RESEARCH. Under certain circumstances, we may use and disclose Health Information for research. For example, a research project may involve comparing the health of patients who received one treatment to those who received another for the same condition. Before we use or disclose Health Information for research, the project will go through a special approval process. Even without special approval, we may permit researchers to look at records to help them identify patients who may be included in their research project or for other similar purposes, as long as they do not remove or take a copy of any Health Information.
AS REQUIRED BY LAW. We will disclose Health Information when required to do so by international, federal, state or local law.
TO AVERT A SERIOUS THREAT TO HEALTH OR SAFETY. We may use and disclose Health Information when necessary to prevent a serious threat to your health and safety or the health and safety of the public or another person. Disclosures, however, will be made only to someone who may able to prevent the threat.
BUSINESS ASSOCIATES. We may disclose Health Information to our business associates that perform functions on our behalf or provide us with services if the information is necessary for such functions or services. For example, we may use another company to perform billing services on our behalf. All of our business associates are obligated to protect the privacy of your information and are not allowed to use or disclose any information other than as specified in our contract.
ORGAN AND TISSUE DONATION. If you are an organ donor, we may use or release Health Information to organizations that handle organ procurement or other entities engaged in procurement; banking or transportation of organs, eyes, or tissues to facilitate organ, eye or tissue donation; and transplantation.
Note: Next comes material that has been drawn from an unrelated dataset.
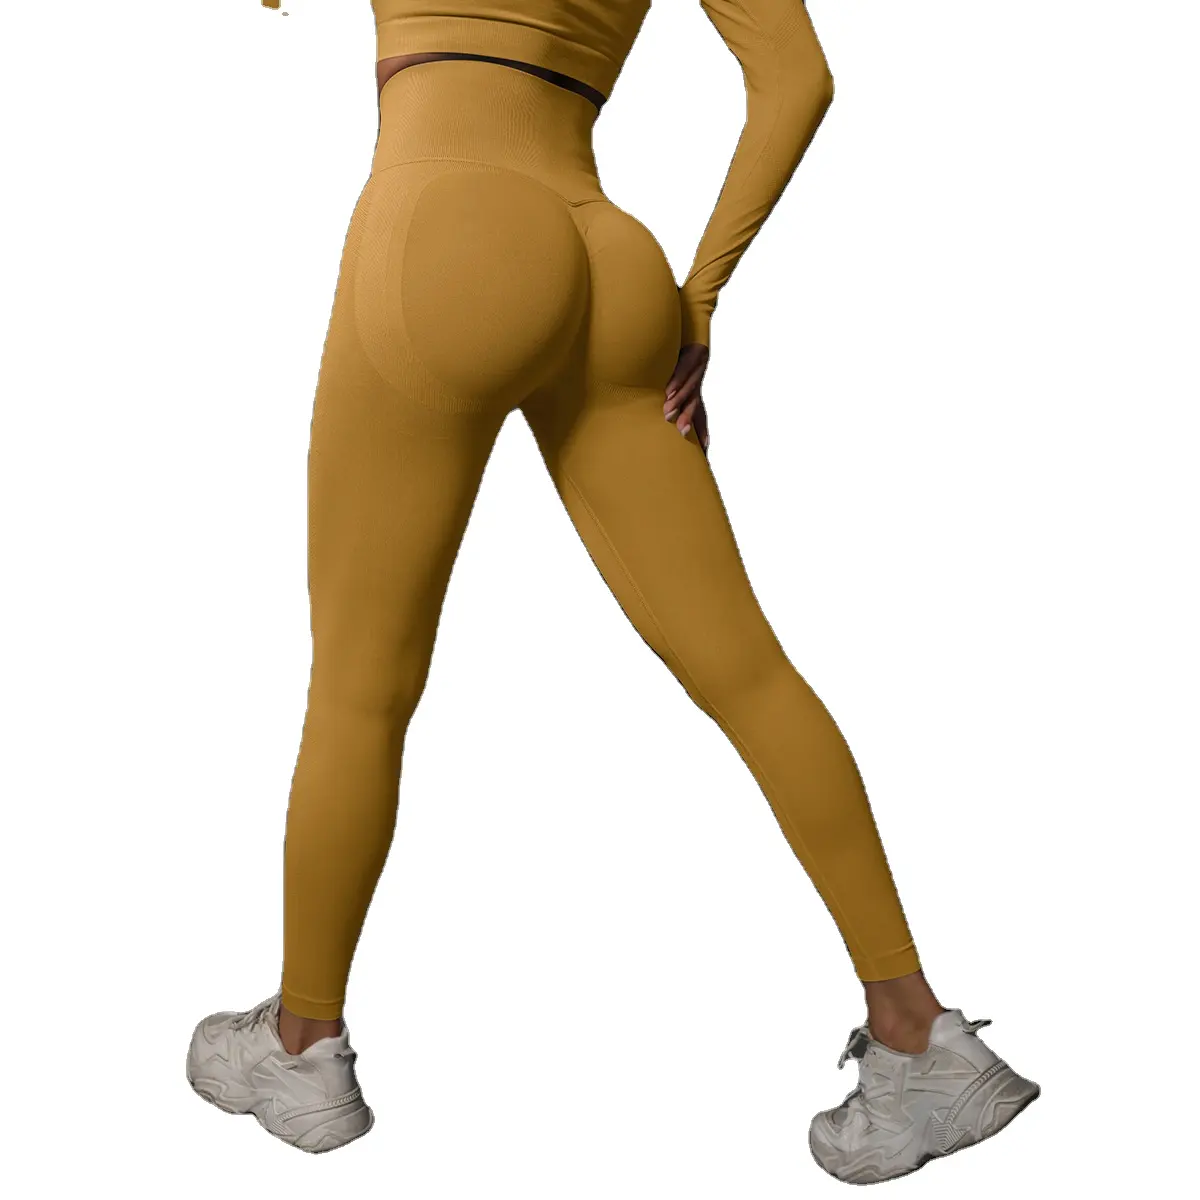 कस्टम फिटनेस कपड़े व्यायाम खेलों एल काम बाहर परिधान जिम कपड़े महिलाओं सहज कुचलना लेगिंग

All patients are entitle to a paper copy of this notice.
CHANGES TO THIS NOTICE. We reserve the right to change this notice and make the new notice apply to Health Information we already have as well as any information we receive in the future. We will post a copy of our current notice at our office. The notice with contain the effective date on the first page, in the top right hand corner.
COMPLAINTS. If you believe your privacy rights have been violated, you may file a complaint with our office or with the Secretary of the Department of Health and Human Services. To file a complaint with our office, contact the PRIVACY OFFICE, RUSSELL, MD and MEYER, MD, PC. All complaints are to be made in writing. You will not be penalized for filing a complaint.